This is another post on showing what a few lines of matplotlib can produce.
When I wrote the test suite for scipy.stats.distributions, I had to mark quite a few distributions as slow so they are skipped under the normal test runs, because they were very slow. One of the reasons that some distributions are slow is because the generic random number generation is very indirect if only the density function is available.
For some time I was looking at spline interpolation of the inverse cumulative distribution, ppf, as a approximate way of generating random numbers. However, since scipy has no splines that impose monotonicity, that did not work.
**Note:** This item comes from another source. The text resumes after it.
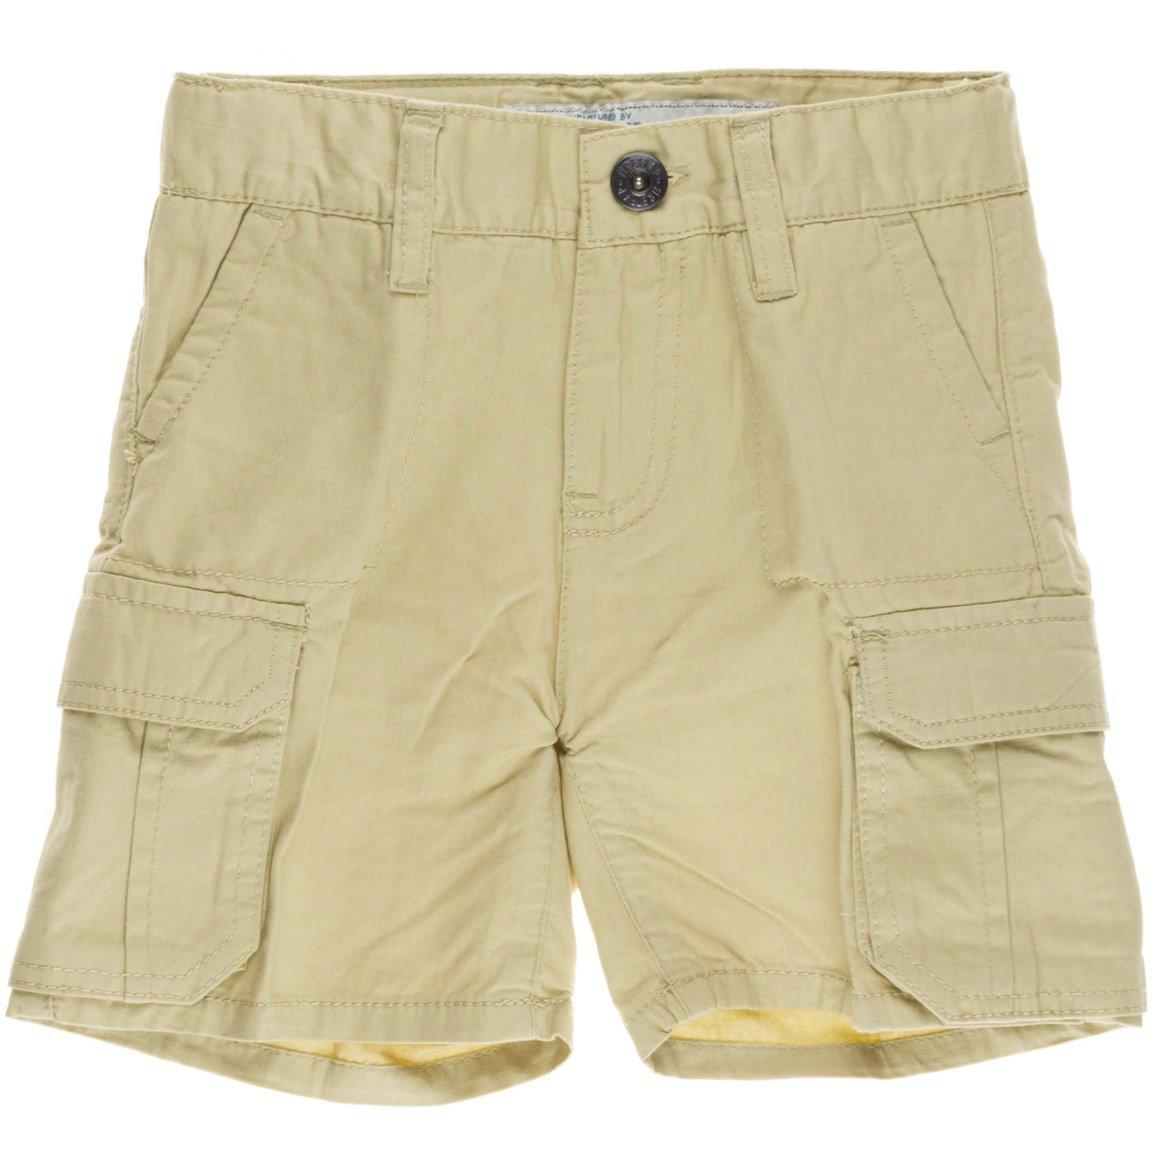 Firetrap παιδικό παντελόνι βερμούδα «Scanty»

Finally, I wrote a script that just uses linear interpolation of the cdf of a distribution, using scipy.interpolate.interp1d so we can use standard inversion to create random numbers. To check whether the interpolation looks accurate enough, I went to "proof by plotting".
The interpolating random number generator takes about 0.3 seconds for one million random numbers, not counting the setup cost of creating the interpolator. The script is currently just a quick hack to see if it works.
As an example I took the t distribution with 5 degrees of freedom, which has somewhat heavy tails. I calculated the approximation for 1000 intervals, and then for 10 and 20 intervals as contrast.
Since a large part of the "action" is in the tails, and I want to get those to be resonably accurate, I could not look just at a regular histogram since the tails are not very visible. So I looked at two variations, one with log scale, the other where the bin width is chosen so each bin has equal probability instead of equal length.
The result are the following four plots, with equal-length bins in the first row, equal-probability bins in the second row, and linear scale on the left side and log scaled probabilites on the right side. With 1000 segments in the interpolation, I don't see any systematic deviation of the random numbers from the true distribution. Below is the qqplot, generated with statsmodels, that indicates that the random numbers are consistent with a t(5) distribution.
As contrast, below are the same kind of plots for 20 intervals in the interpolation, which is a symmetric step function density with 20 intervals, many of them close to zero. The histogram shows clearly the steps, the qqplot shows systematic curved segments, which are more visible in the qqplot for 10 intervals.